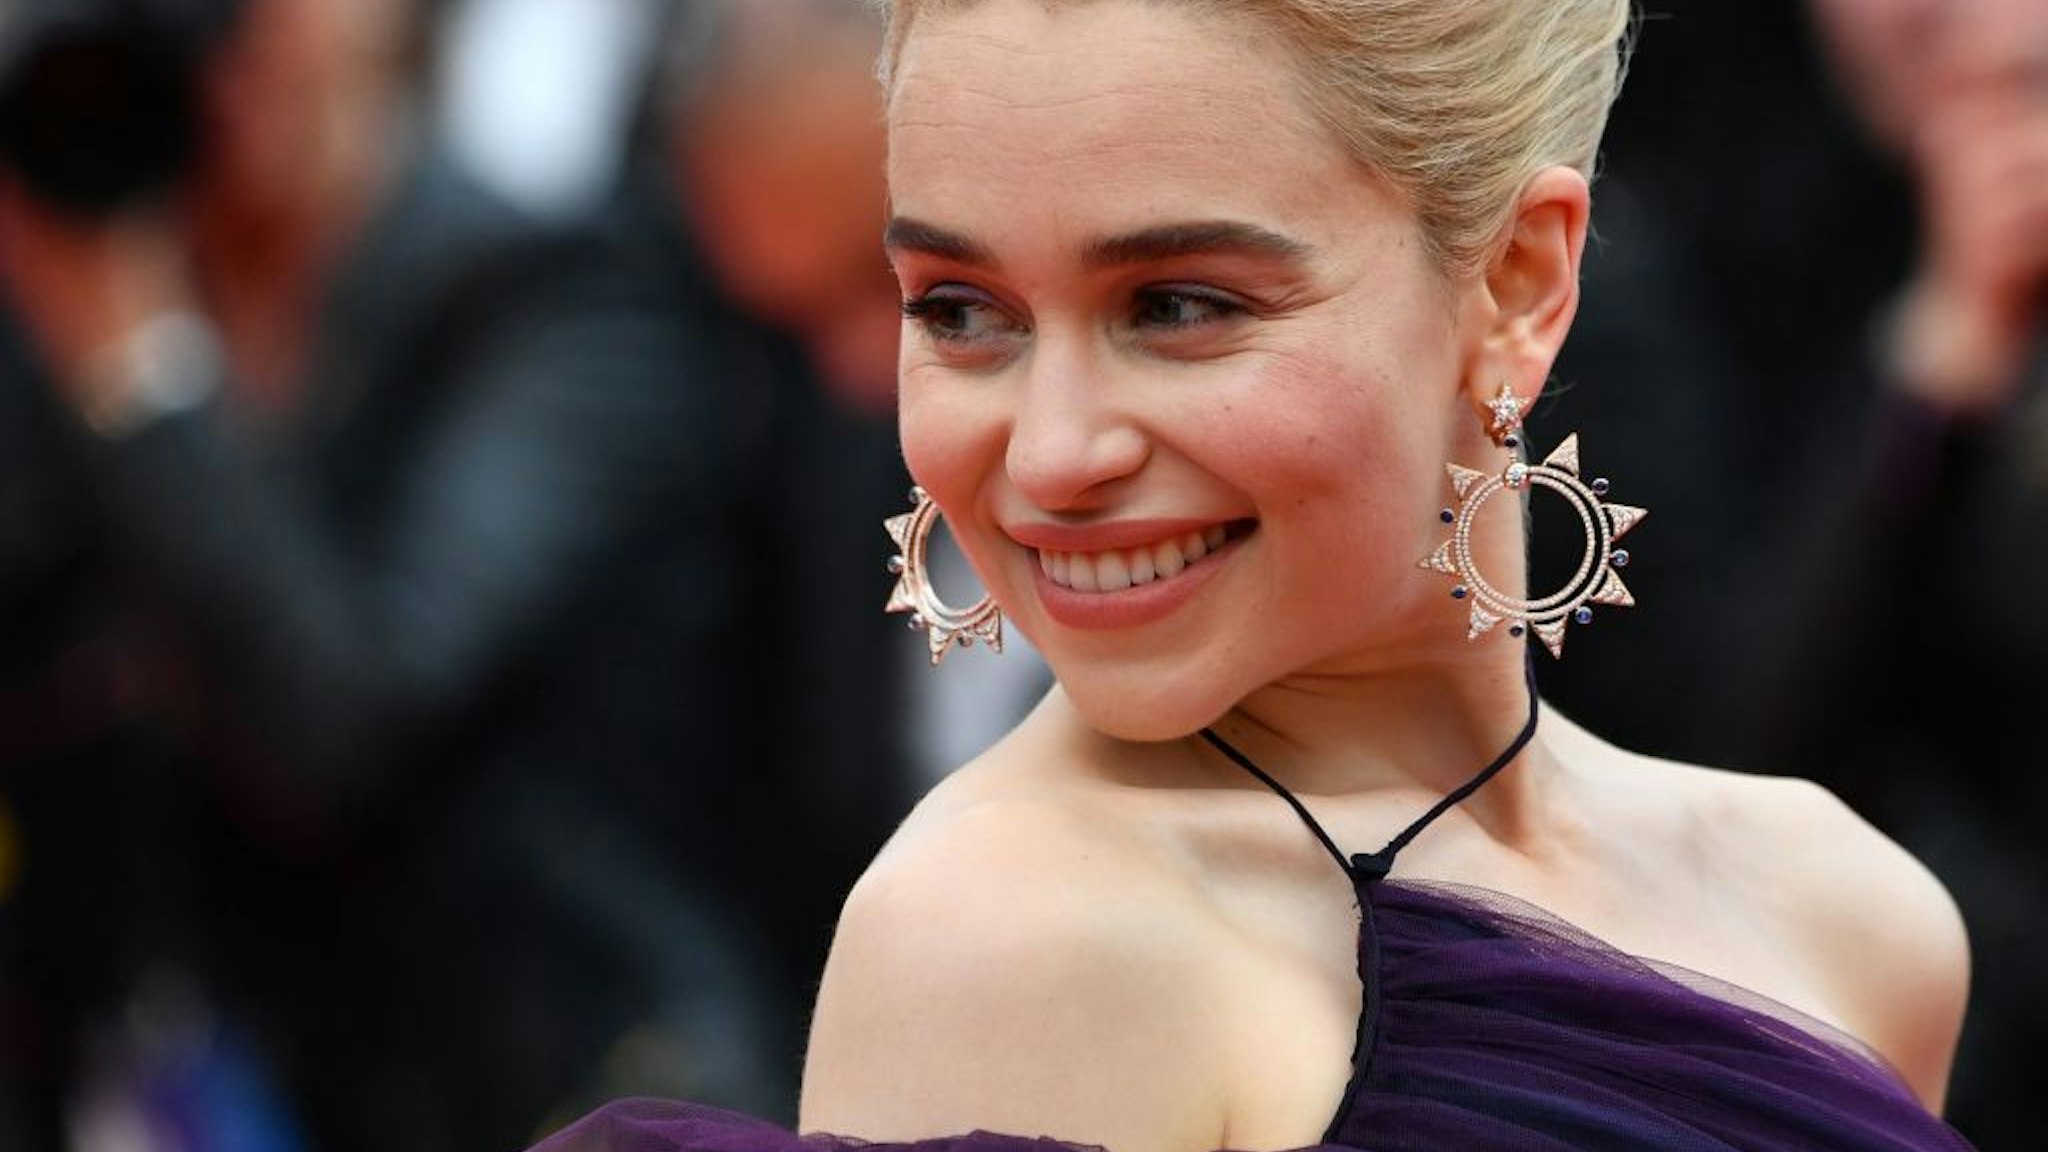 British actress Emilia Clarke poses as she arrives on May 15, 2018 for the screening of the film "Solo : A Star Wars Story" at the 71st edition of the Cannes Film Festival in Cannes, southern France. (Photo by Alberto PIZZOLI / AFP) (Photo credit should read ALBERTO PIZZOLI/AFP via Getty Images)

--

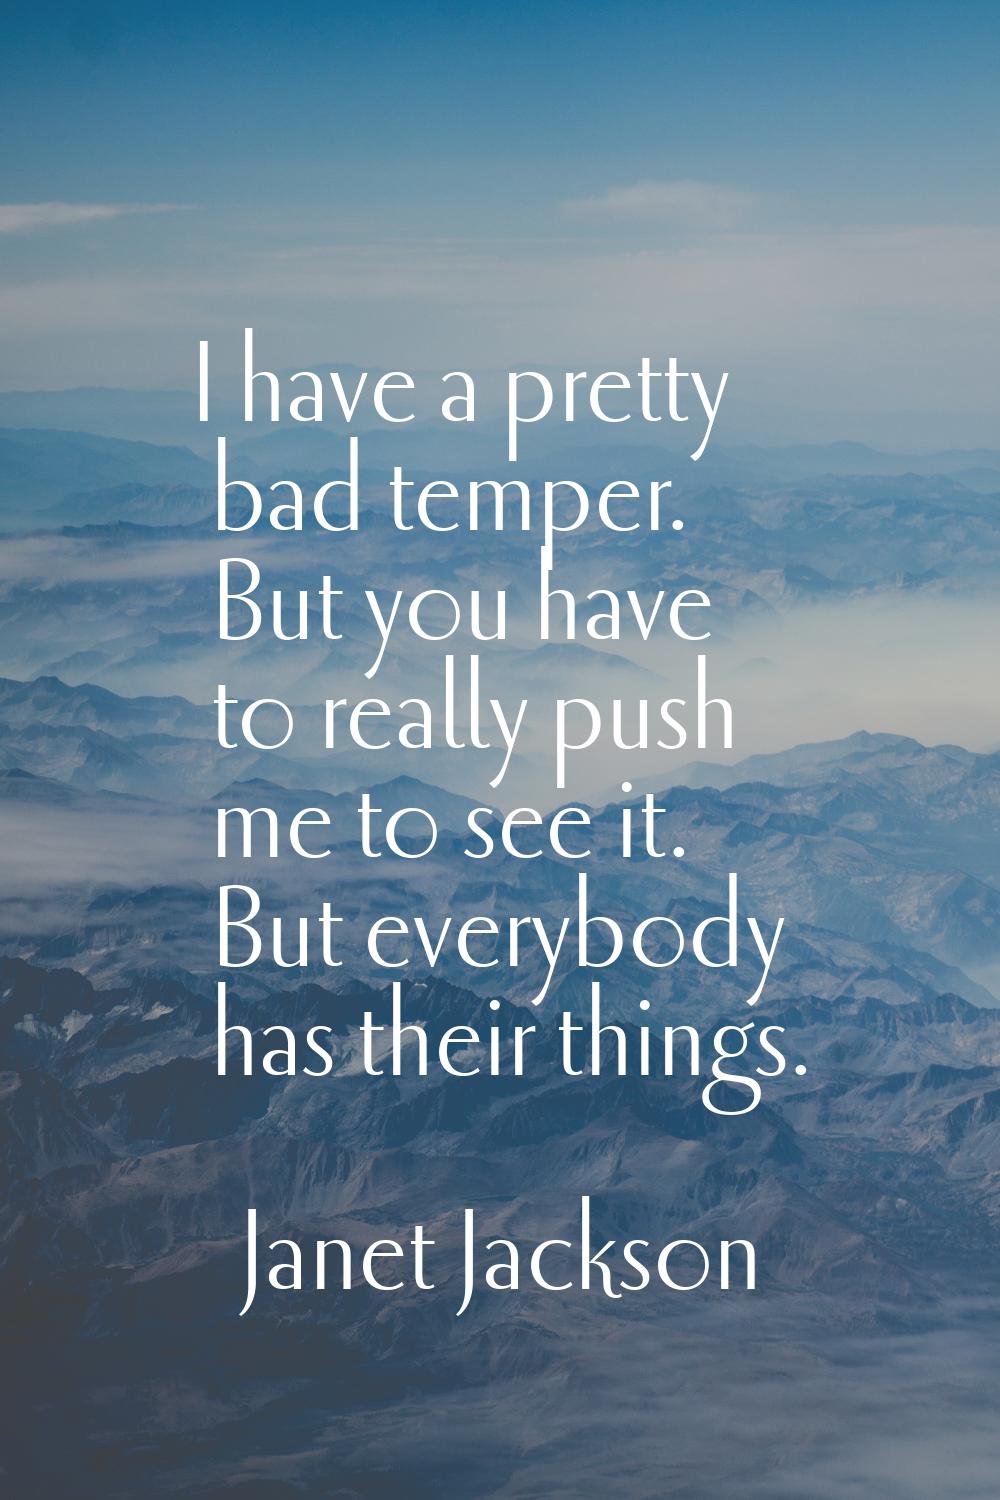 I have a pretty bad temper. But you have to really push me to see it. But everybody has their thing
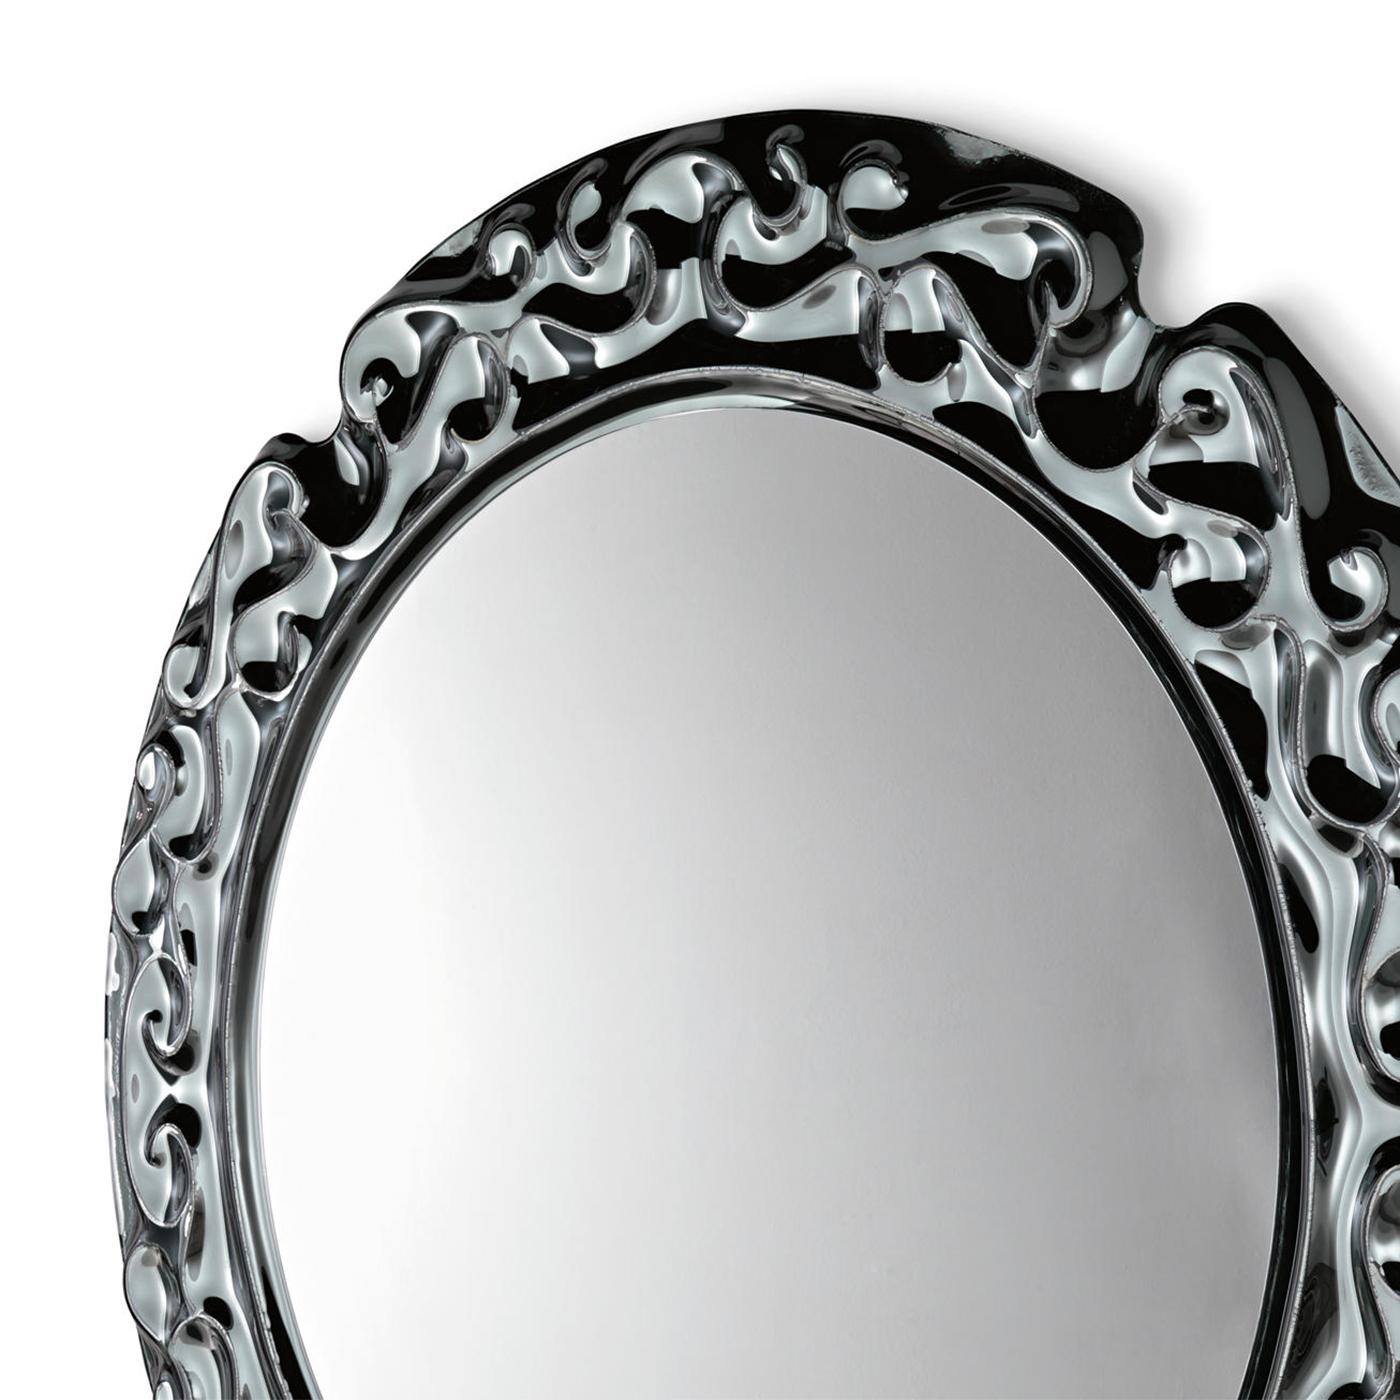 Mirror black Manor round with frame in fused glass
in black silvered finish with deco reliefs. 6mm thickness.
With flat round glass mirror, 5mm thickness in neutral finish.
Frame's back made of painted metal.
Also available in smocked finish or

*Task instructions*:
Return every line of the data above in which "finish" appears.

*Task output*:
in black silvered finish with deco reliefs. 6mm thickness.
With flat round glass mirror, 5mm thickness in neutral finish.
Also available in smocked finish or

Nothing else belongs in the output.